1
import regex
frase = "text https://www.gamivo.com/product/sea-of-thieves-pc-xbox-one other text https://www.gamivo.com/product/fifa-21-origin-eng-pl-cz-tr"
x = regex.findall(r"/((http[s]?:\/\/)?(www\.)?(gamivo\.com\S*){1})", frase) 
print(x)

Result:

[('www.gamivo.com/product/sea-of-thieves-pc-xbox-one', '', 'www.', 'gamivo.com/product/sea-of-thieves-pc-xbox-one'), ('www.gamivo.com/product/fifa-21-origin-eng-pl-cz-tr', '', 'www.', 'gamivo.com/product/fifa-21-origin-eng-pl-cz-tr')]

I want something like:

[('https://www.gamivo.com/product/sea-of-thieves-pc-xbox-one', 'https://gamivo.com/product/fifa-21-origin-eng-pl-cz-tr')]

How can I do this?

mkrieger1
  • 19,194
  • 5
  • 54
  • 65
Diego
  • 25
  • 2
  • Remove the first `/` and use non-capturing groups. `r'(?:https?://)?(?:www\.)?gamivo\.com\S*'`, see [this demo](https://regex101.com/r/phCIEr/1). – Wiktor Stribiżew Jul 23 '21 at 09:16
  • do u really need regex for this ? split on spaces and take the ones with https in the resulting array – leoOrion Jul 23 '21 at 09:17
  • @leoOrion yes it's for a more bigger project that needs a regex. So in final project I will replace with str.replace() to use a shorted link – Diego Jul 23 '21 at 09:22

2 Answers2

1

You need to

  1. Remove the initial / char that invalidates the match of https:// / http:// since / appears after http
  2. Remove unnecessary capturing group and {1} quantifier
  3. Convert the optional capturing group into a non-capturing one.

See this Python demo:

import re
frase = "text https://www.gamivo.com/product/sea-of-thieves-pc-xbox-one other text https://www.gamivo.com/product/fifa-21-origin-eng-pl-cz-tr"
print( re.findall(r"(?:https?://)?(?:www\.)?gamivo\.com\S*", frase) )
# => ['https://www.gamivo.com/product/sea-of-thieves-pc-xbox-one', 'https://www.gamivo.com/product/fifa-21-origin-eng-pl-cz-tr']

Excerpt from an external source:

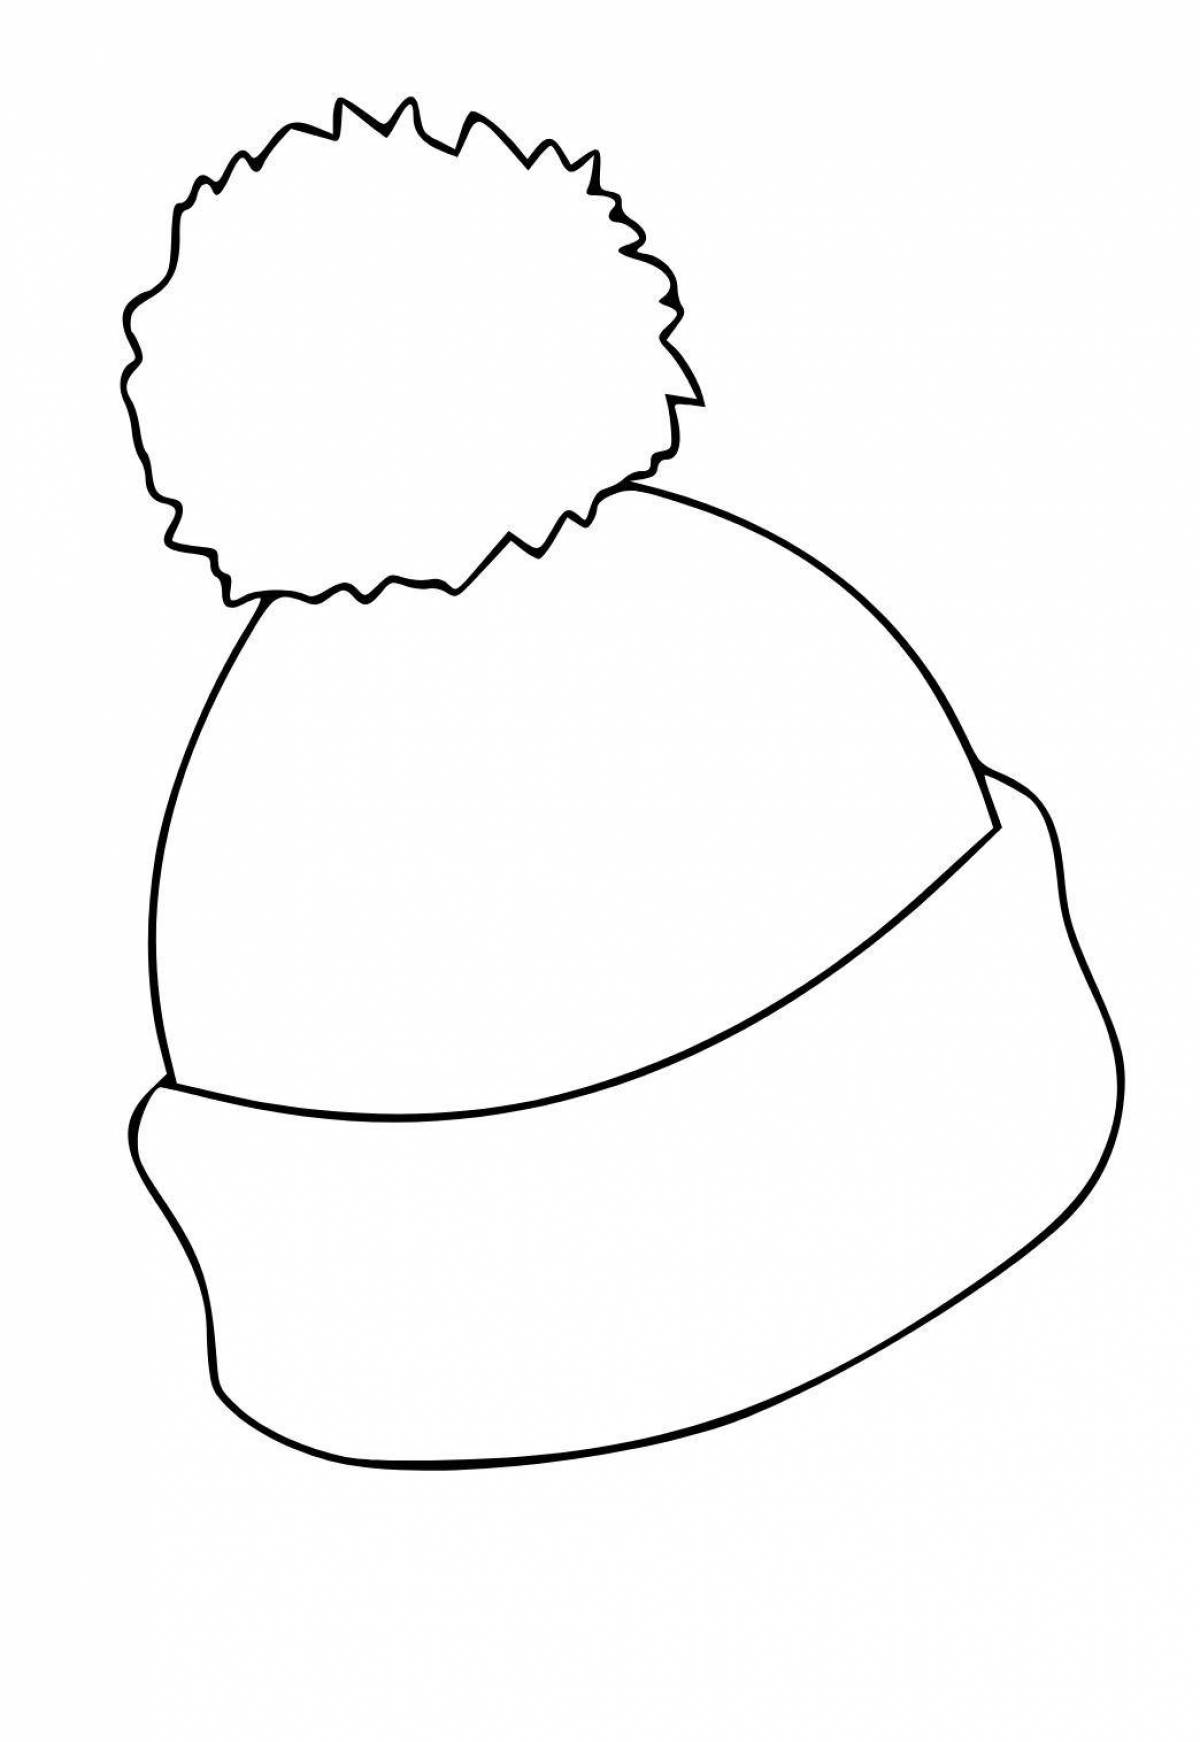 Fun mittens and hat coloring book for preschoolers

See the regex demo, too. Also, see the related re.findall behaves weird post.

Wiktor Stribiżew
  • 607,720
  • 39
  • 448
  • 563
0

Try this, it will take string starting from https to single space or newline.

import re
frase = "text https://www.gamivo.com/product/sea-of-thieves-pc-xbox-one other text https://www.gamivo.com/product/fifa-21-origin-eng-pl-cz-tr"
x = re.findall('(https?://(?:[^\s]*))', frase)
print(x)
# ['https://www.gamivo.com/product/sea-of-thieves-pc-xbox-one', 'https://www.gamivo.com/product/fifa-21-origin-eng-pl-cz-tr']
Pausi
  • 134
  • 2
  • 7